Using a similar proportion as before:

(20.0 g Fe2O3) / (159.6 g/mol Fe2O3) = (x g CO) / (84.0 g/mol CO)

Solving for x, we find:
x = (20.0 g Fe2O3) * (84.0 g/mol CO) / (159.6 g/mol Fe2O3)
x ≈ 10.5 g CO

Therefore, approximately 10.5 grams of CO is needed to react with 20.0 grams of Fe2O3 in this equation.

To find out how many grams of the second reactant are needed to react with a given amount of the first reactant, we need to use the balanced equation and the molar masses of the reactants.

Step 1: Write down the balanced equation.
a. P4 + 6Cl2 -> 4PCl3
b. P4O10 + 6H2O -> 4H3PO4
c. Fe2O3 + 3CO -> 2Fe + 3CO2

Step 2: Find the molar mass of the first reactant.
For each reactant, find the molar mass by adding up the atomic masses of all the elements in the formula.
a. Molar mass of P4 = (4 x atomic mass of P) = 4 x (30.97 g/mol) = 123.88 g/mol
b. Molar mass of P4O10 = (4 x atomic mass of P) + (10 x atomic mass of O) = 4 x (30.97 g/mol) + 10 x (16.00 g/mol) = 283.88 g/mol
c. Molar mass of Fe2O3 = (2 x atomic mass of Fe) + (3 x atomic mass of O) = 2 x (55.85 g/mol) + 3 x (16.00 g/mol) = 159.69 g/mol

Step 3: Use stoichiometry to calculate the amount of the second reactant.
a. P4 + 6Cl2 -> 4PCl3
From the balanced equation, we know that 1 mole of P4 reacts with 6 moles of Cl2 to produce 4 moles of PCl3. Using this ratio, we can find the moles of Cl2 required to react with 1 mole of P4.
Moles of Cl2 = (moles of P4) x (6 moles of Cl2 / 1 mole of P4)
To find the grams of Cl2, we can use the molar mass of Cl2 and the moles of Cl2 calculated above.
Grams of Cl2 = (moles of Cl2) x (molar mass of Cl2)

b. P4O10 + 6H2O -> 4H3PO4
From the balanced equation, we know that 1 mole of P4O10 reacts with 6 moles of H2O to produce 4 moles of H3PO4. Using this ratio, we can find the moles of H2O required to react with 1 mole of P4O10.
Moles of H2O = (moles of P4O10) x (6 moles of H2O / 1 mole of P4O10)
To find the grams of H2O, we can use the molar mass of H2O and the moles of H2O calculated above.
Grams of H2O = (moles of H2O) x (molar mass of H2O)

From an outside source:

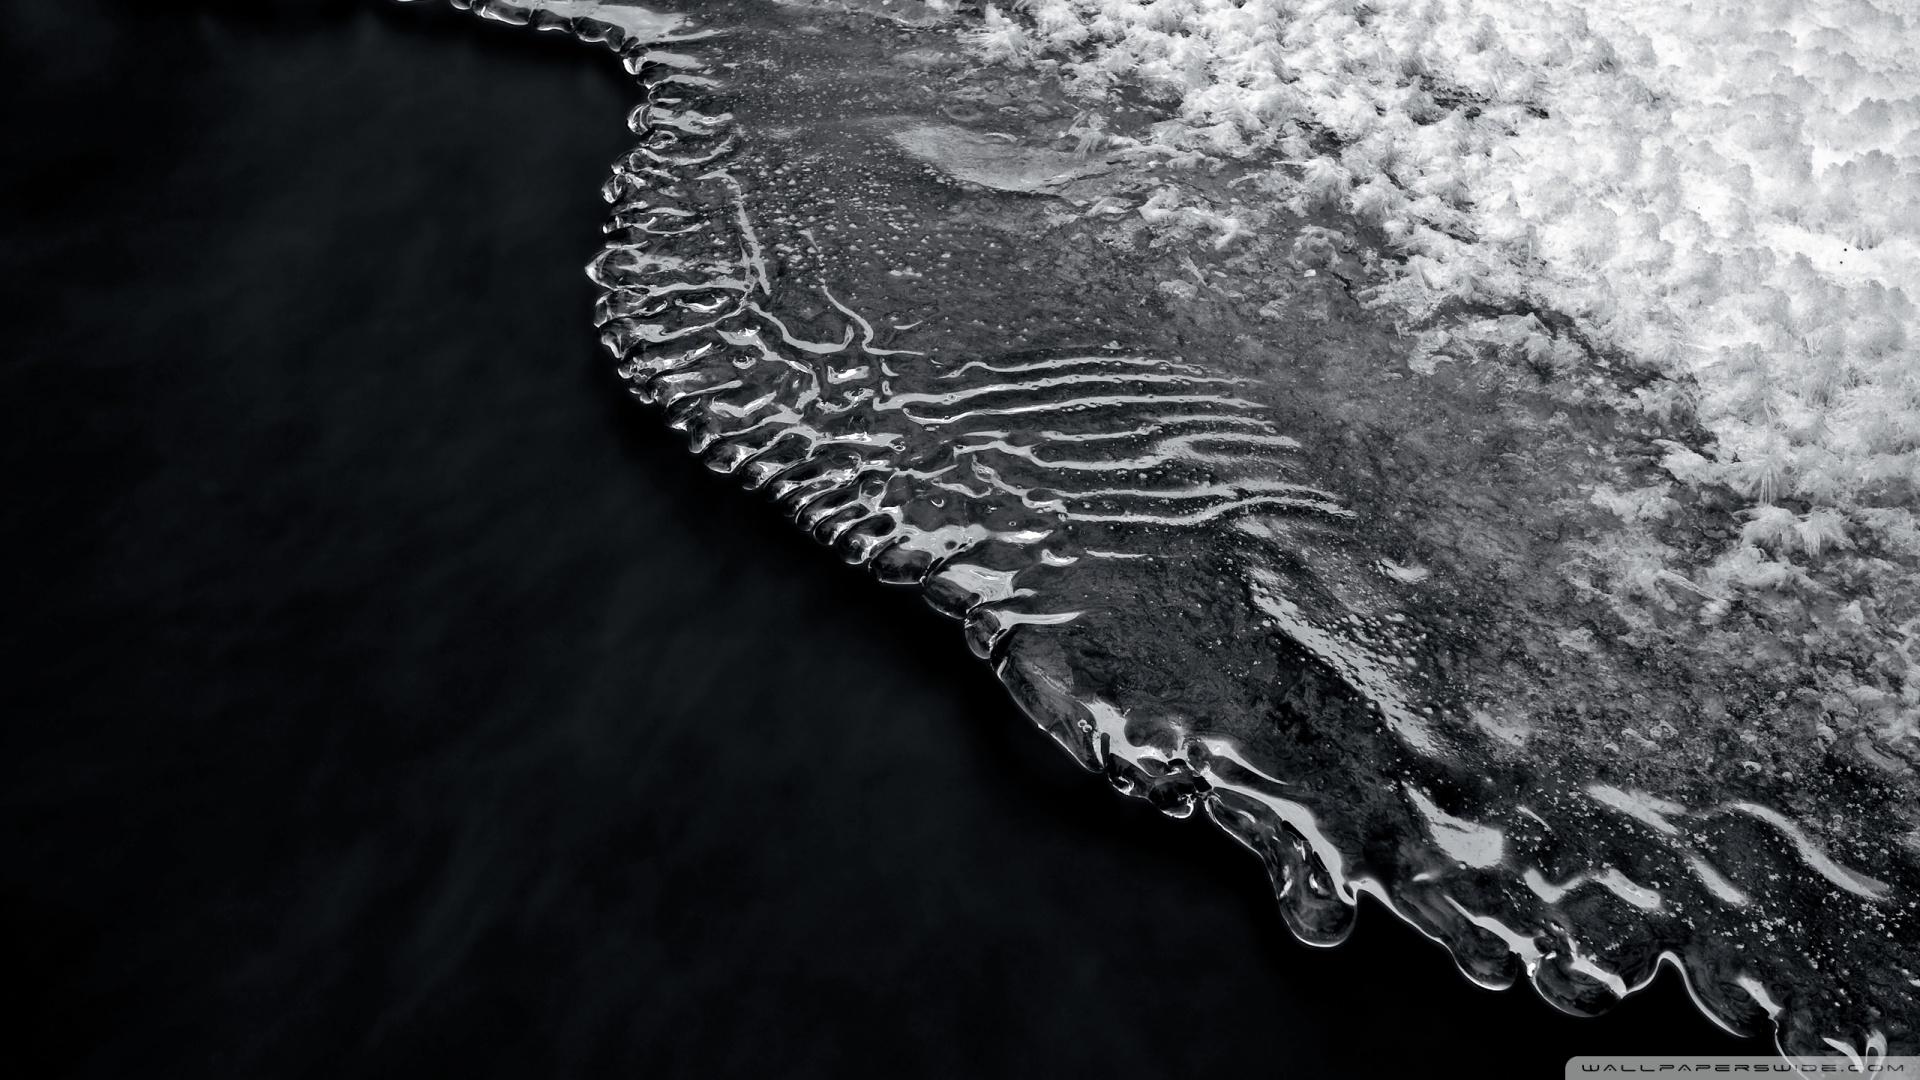 Black Water Wallpaper

c. Fe2O3 + 3CO -> 2Fe + 3CO2
From the balanced equation, we know that 1 mole of Fe2O3 reacts with 3 moles of CO to produce 2 moles of Fe. Using this ratio, we can find the moles of CO required to react with 1 mole of Fe2O3.
Moles of CO = (moles of Fe2O3) x (3 moles of CO / 1 mole of Fe2O3)
To find the grams of CO, we can use the molar mass of CO and the moles of CO calculated above.
Grams of CO = (moles of CO) x (molar mass of CO)

Step 4: Calculate the grams of the second reactant.
Using the formulas derived in Step 3, plug in the calculated moles and molar masses to find the grams of the second reactant.

Note: Make sure to multiply the moles calculated in Step 3 by the given amount (in grams) of the first reactant to find the grams of the second reactant needed to react completely.

You can now follow these steps to find the grams of the second reactant for each balanced equation given in your question.